++++ Records supplied
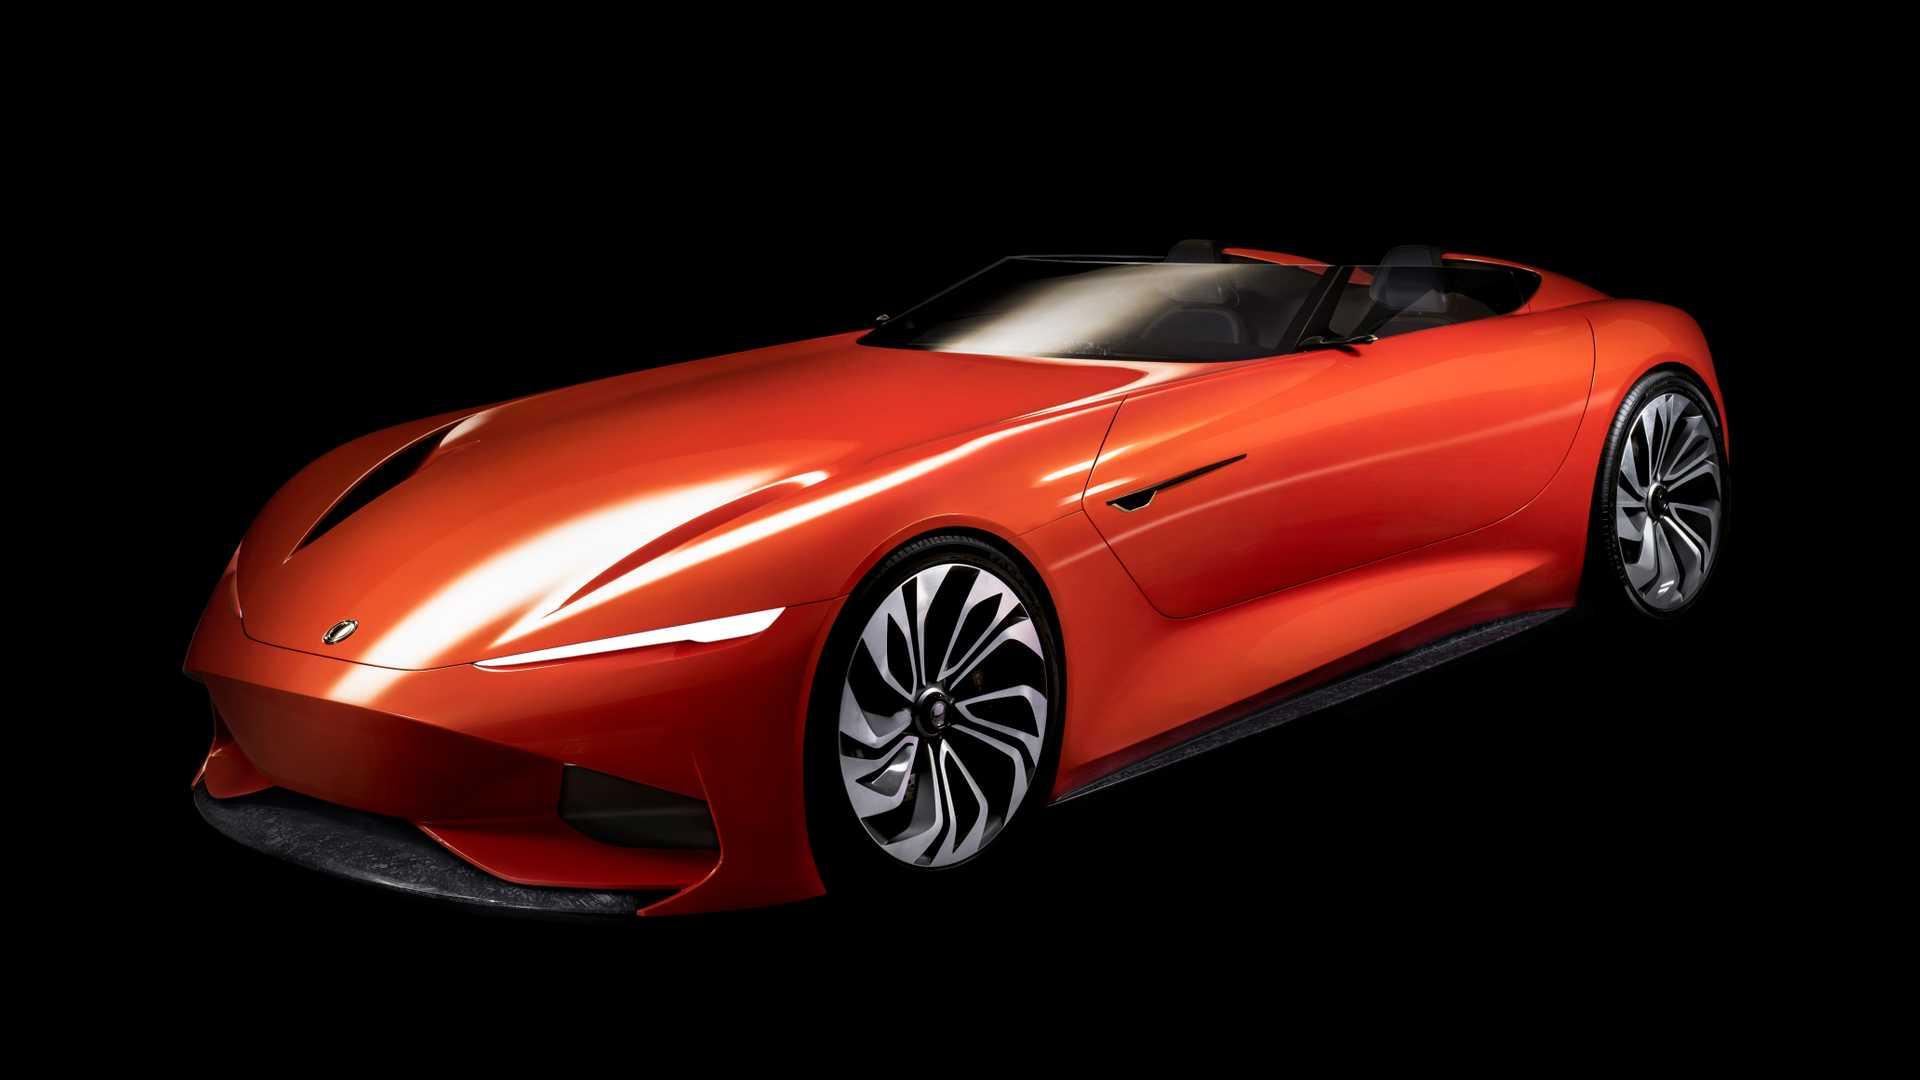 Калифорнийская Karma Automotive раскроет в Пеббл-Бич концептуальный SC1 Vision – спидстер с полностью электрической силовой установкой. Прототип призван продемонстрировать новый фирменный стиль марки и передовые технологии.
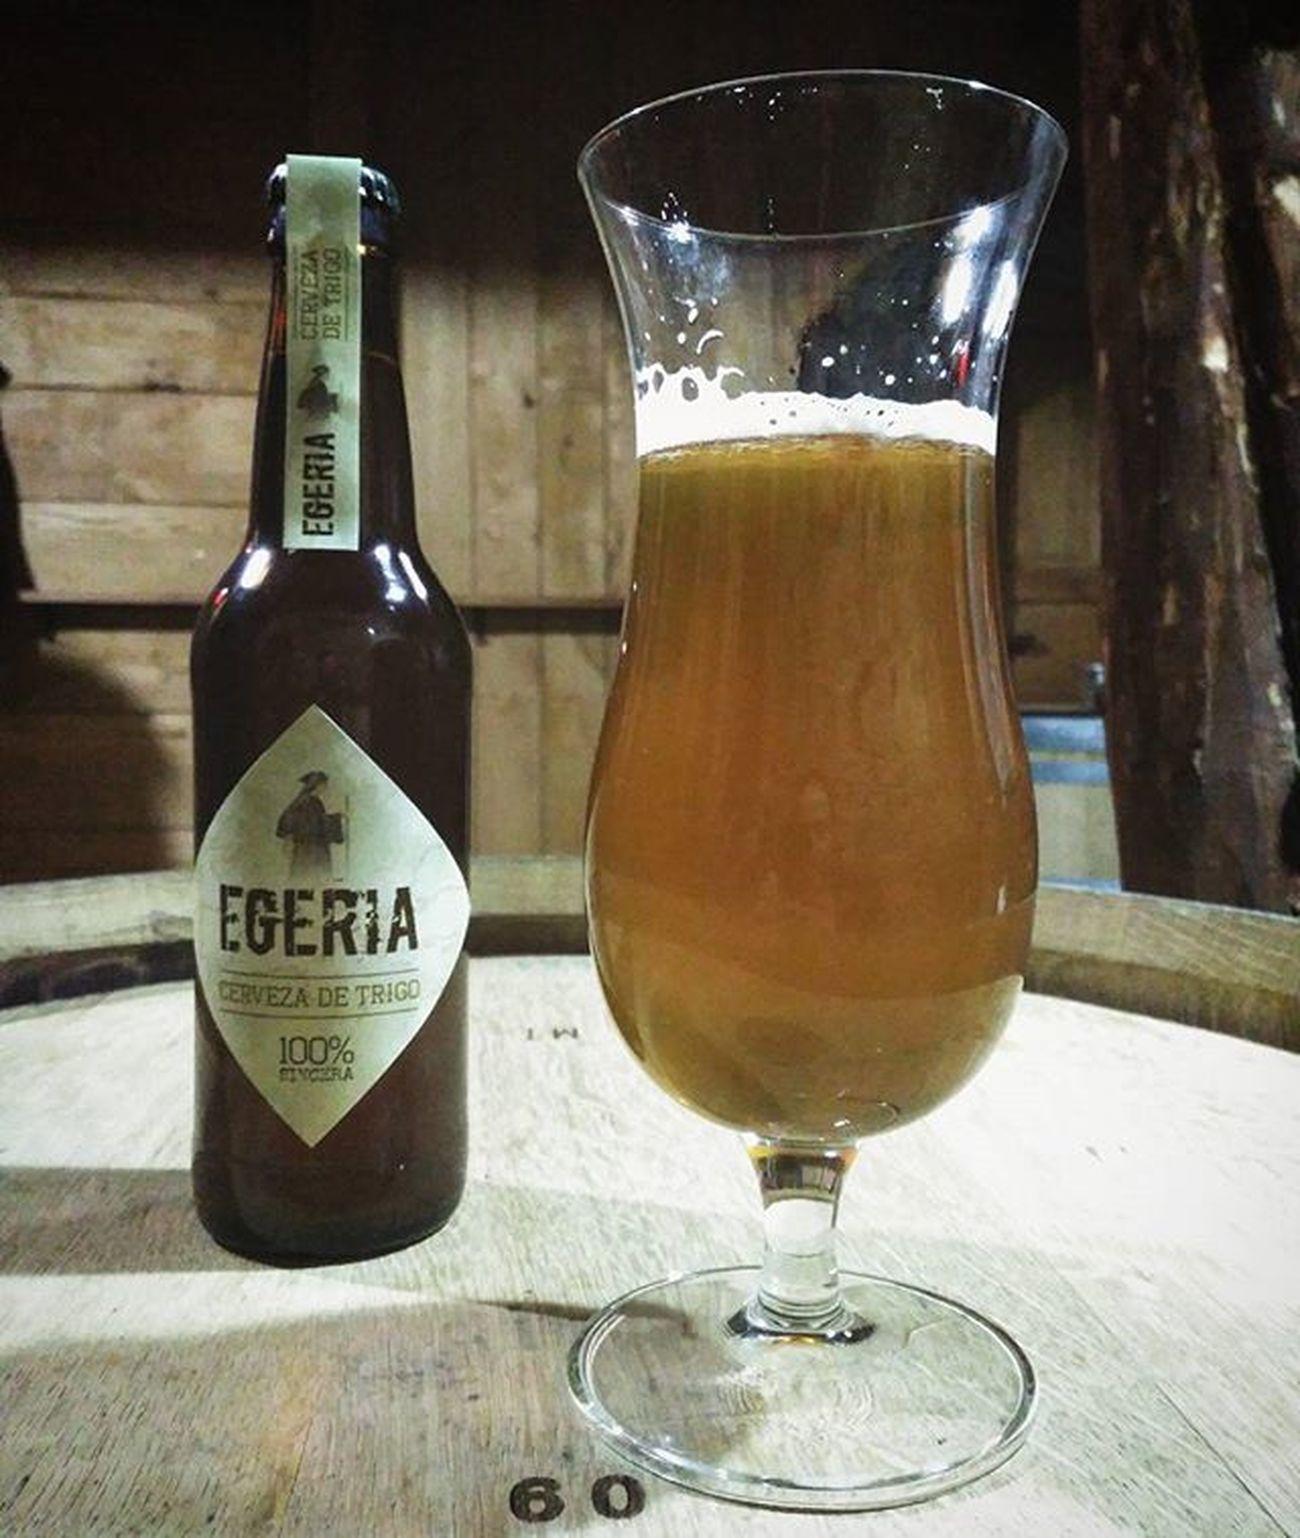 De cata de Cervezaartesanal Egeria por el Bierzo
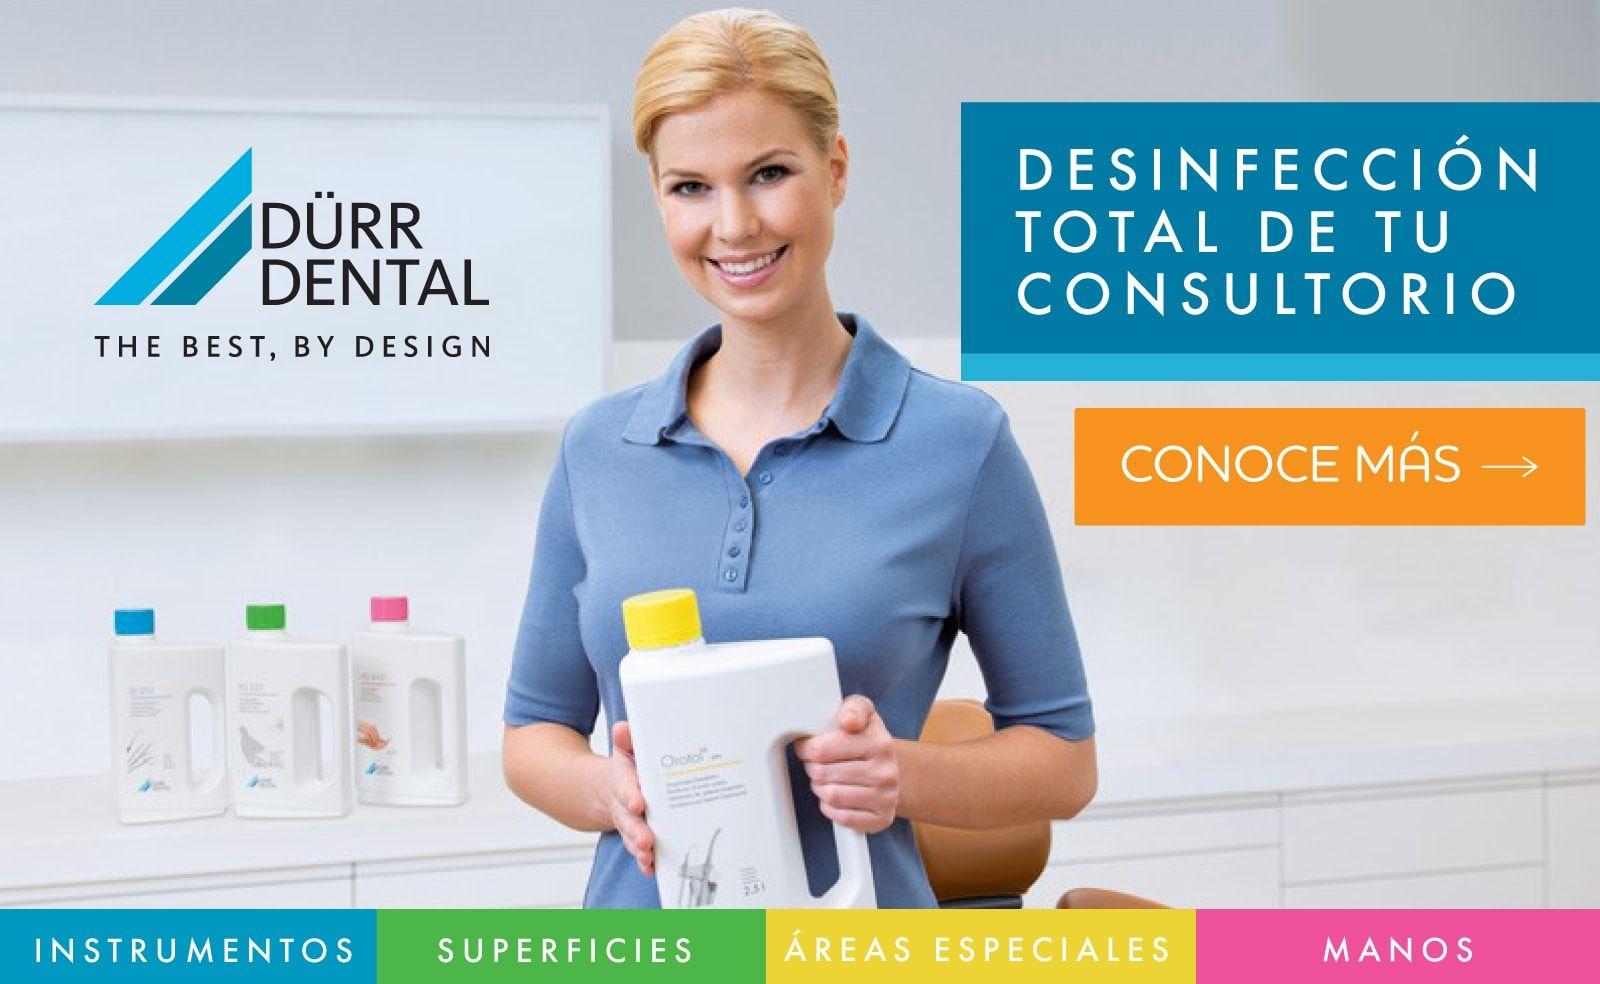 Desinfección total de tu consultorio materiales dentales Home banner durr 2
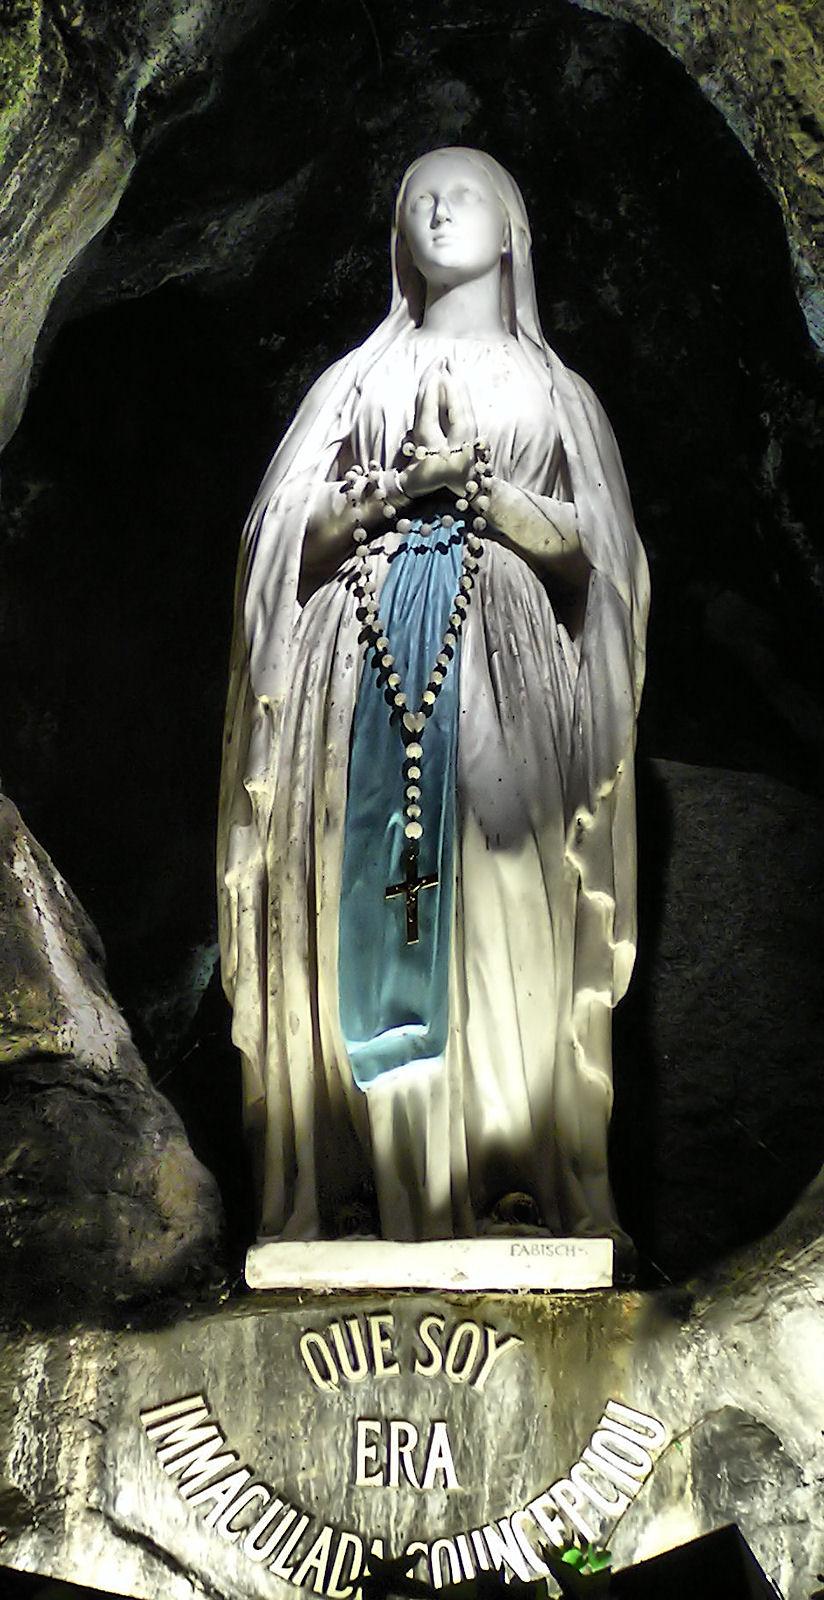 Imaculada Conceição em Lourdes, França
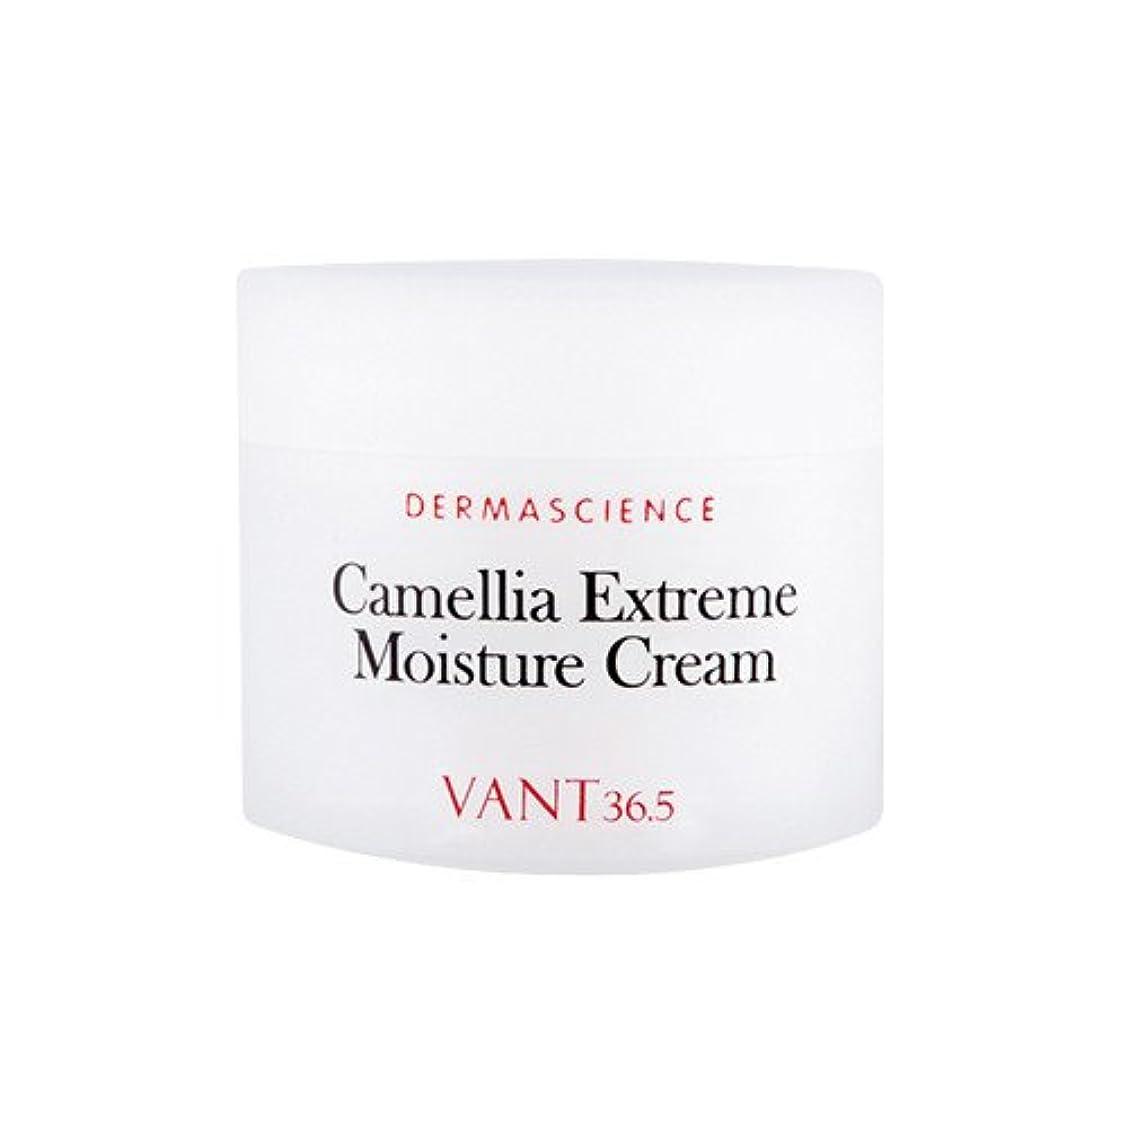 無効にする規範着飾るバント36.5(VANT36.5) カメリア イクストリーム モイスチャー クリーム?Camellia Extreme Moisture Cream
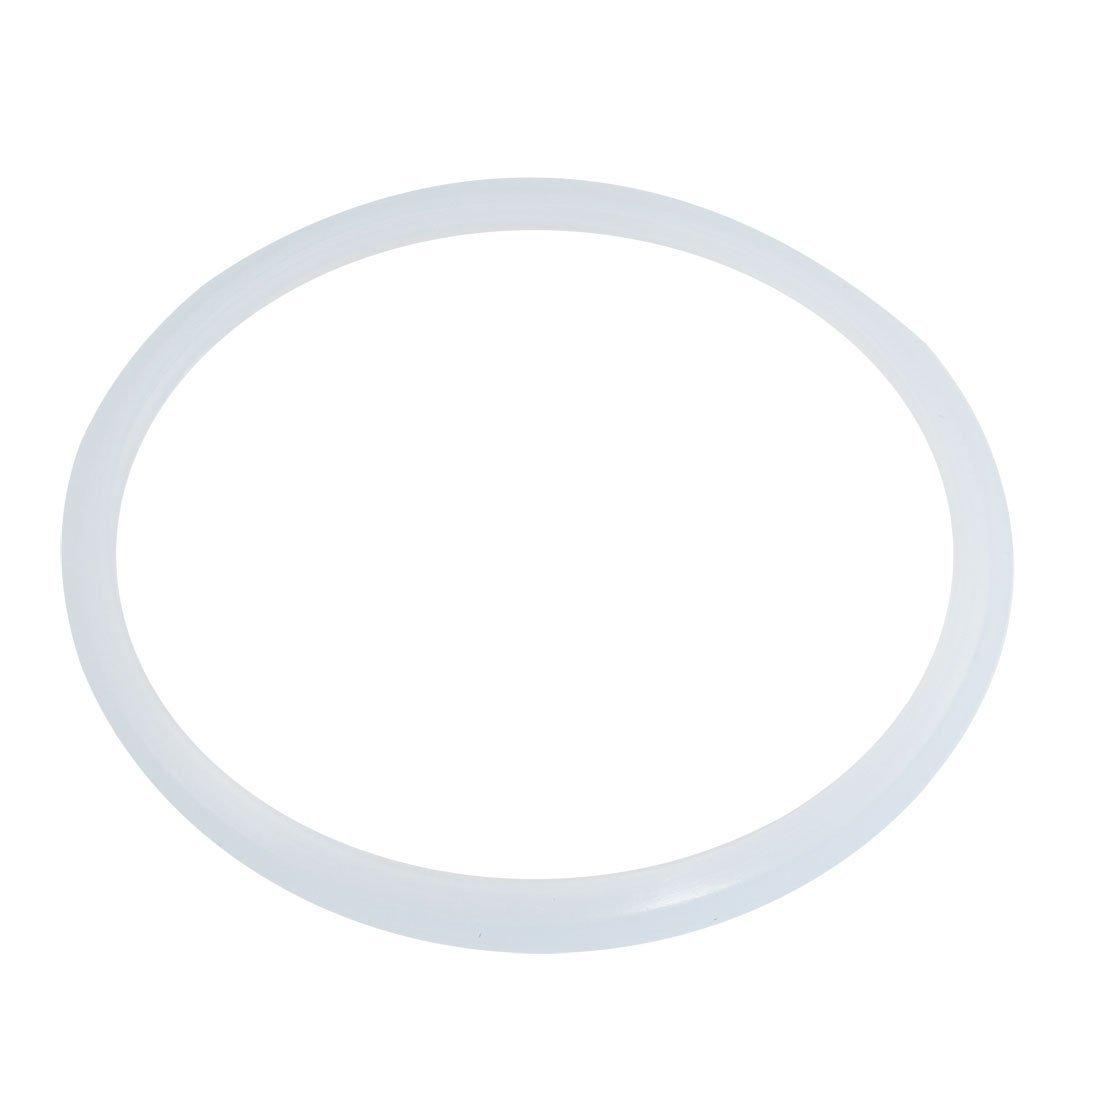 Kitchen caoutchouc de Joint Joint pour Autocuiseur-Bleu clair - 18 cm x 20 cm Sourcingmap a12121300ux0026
++++++++
__Work instruction__. Transcribe the material exactly, leaving every picture out.

__Expected answer__.
 Калифорнийская Karma Automotive раскроет в Пеббл-Бич концептуальный SC1 Vision – спидстер с полностью электрической силовой установкой. Прототип призван продемонстрировать новый фирменный стиль марки и передовые технологии.
 De cata de Cervezaartesanal Egeria por el Bierzo
 Desinfección total de tu consultorio materiales dentales Home banner durr 2
 Imaculada Conceição em Lourdes, França
 無効にする規範着飾るバント36.5(VANT36.5) カメリア イクストリーム モイスチャー クリーム?Camellia Extreme Moisture Cream
 Kitchen caoutchouc de Joint Joint pour Autocuiseur-Bleu clair - 18 cm x 20 cm Sourcingmap a12121300ux0026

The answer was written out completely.